Works published in English

United Kingdom
 Mary Matilda Betham, Elegies, and Other Small Poems
 William Lisle Bowles, Hope
 Sir James Burges, The Birth and Triumph of Love
 Samuel Taylor Coleridge:
 Ode on the Departing Year
 Poems on Various Subjects including "Lines Written at Shurton Bars", the first full publication of "Religious Musings" and a revised version of "Monody on the Death of Chatterton"
 M. G. Lewis, published anonymously, Village Virtues
 Sir Walter Scott, The Chase, and William and Helen, translation (published anonymously) from the German of Gottfried August Burger's Der Wilde Jager and Lenora (See William Taylor, below)
 Robert Southey:
Joan of Arc

 Poems, partly a reprint of poems originally published in 1795 and partly new works, including "After Blenheim" (see also Poems 1799 and Minor Poems 1813)
 William Taylor, Ellenore, translation (published anonymously) from the German of Gottfried August Burger's Lenora) (see Sir Walter Scott, above)
 Ann Yearsley, The Rural Lyre

United States
 Joel Barlow.

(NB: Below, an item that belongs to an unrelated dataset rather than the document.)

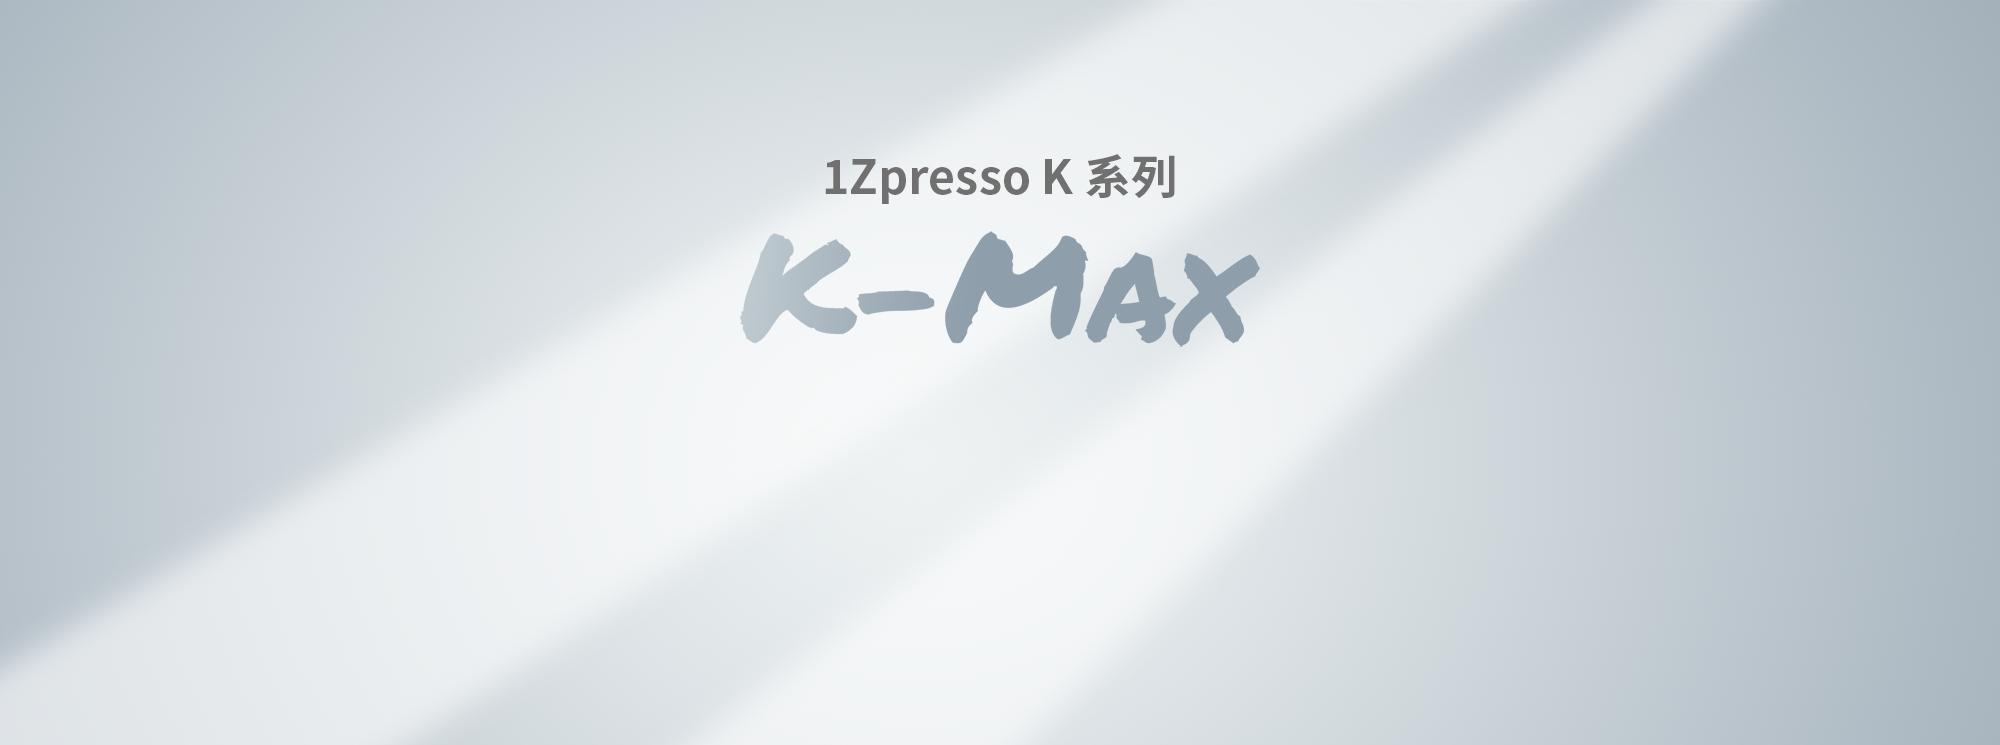 1Zpresso K-max Manual Coffee Grinder

The Hasty Pudding, a mock epic on the virtues of cornmeal mush, written in France; it became Barlow's most popular work
 William Cliffton, The Group; or, An Elegant Representation, political verses defending Jay's Treaty and a satire on common people ignorantly discussing politics
 Lemuel Hopkins, "The Guillotina; or, A Democratic Dirge", a New Year's poem praising George Washington and Alexander Hamilton while attacking Thomas Jefferson and his party
 John Blair Linn, The Poetical Wanderer
 Thomas Morris, Quashy; or, The Coal-Black Maid, the author's most notable poem, describing the life of a black slave in Martinique and criticizing the British and French systems of slavery
 Robert Treat Paine, Jr., The Ruling Passion
 Isaac Story, "All the World's a Stage", published under the pen name "The Stranger", blank verse; includes popular satirical sketches
 St. George Tucker, The Probationary Odes of Jonathan Pindar, popular book of anti-Federalist satires on Alexander Hamilton, John Adams and others; written in the style of John Wolcot, who wrote under the pen name "Peter Pindar"; first published in 1793 in The National Gazette, which was edited by Philip Freneau, so the poems have been wrongly attributed to Freneau.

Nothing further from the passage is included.